Debt is an underexplored component of how families are feeling, because if we’re not paying attention to the hundreds of dollars a family might have to pay just to meet their minimum credit card or loan payments every month, we’re missing a huge chunk of how hard it is for them to budget right now.
But the two biggest factors coming into play that are hitting families especially hard heading into the new year are the costs of childcare and health care, said Ashley Burnside, a senior policy analyst at the Center for Law and Social Policy, or CLASP. “We can’t talk about affordability in this moment without naming the huge health care costs that families are now facing because of the expiration of the premium tax credits,” she said.
She continued: “That unfortunately means a lot of families are either going to be paying much, much higher premiums than they had before, or choosing to be uninsured. And that then means if there is a health emergency and a family does not have thousands of dollars in savings, they have to end up in urgent care or delay and need a doctor’s appointment, which could lead to a financial spiral for families.… It’s not just low-income families that are feeling that, it is also middle-income families, and even what some people may call higher-income families, because we all need health insurance. So I do think there’s that reckoning happening in our nation right now too.”

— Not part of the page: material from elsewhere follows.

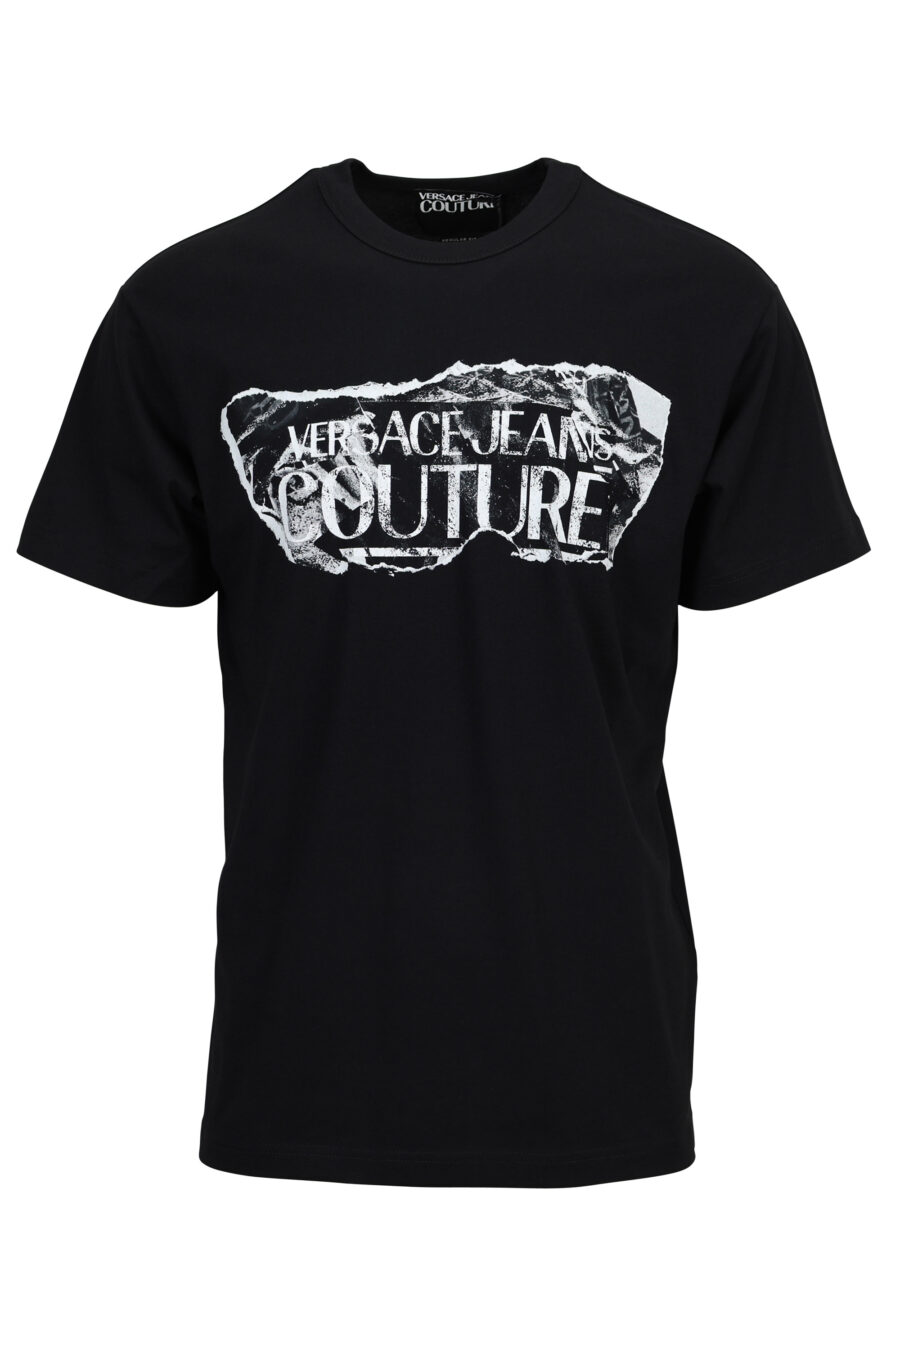 Camiseta negra con maxilogo barroco rasgado - 8052019603170

These escalating expenses all come atop the well-documented price increases of basic household needs, such as groceries and gas. Here, families at the bottom of the income ladder are suffering the most. For low-income families, food makes up almost a third of their budget, so the rising costs of groceries impacts them deeply. They are not just making hard choices about where to save, but may go hungrier, especially as benefits such as food assistance come under attack.
Lorena Roque, associate director for labor policy at CLASP, said she sees data showing that a lot of families are taking on two or more jobs just to make ends meet. But even that might no longer provide a full picture of who is struggling because the administration has been hostile to the kinds of data-gathering efforts that would give us a fuller picture of the economy, like the rates of Black and Latino unemployment.
That also might explain why Trump is pushing back on the idea that there is an affordability crisis, and why he keeps insisting that the economy is great and that he is also going to make it better. “They’re purposely trying to kill the integrity of very objective agencies like the [Bureau of Labor Statistics],” she said. “It’s like an attack on the truth. It’s an attack on data and how people are feeling.… I think they’re trying to hide the truth.”
All of this also shows an opening for Democrats to hit Trump with the same attacks he used against Biden last year, and across the country, Democratic candidates are doing precisely that. Trump has countered that the claims of Democrats are a hoax. But families do need real relief, and they’re unlikely to get it from an administration that continues to deny how its policies may be affecting them—even as they can see it for themselves.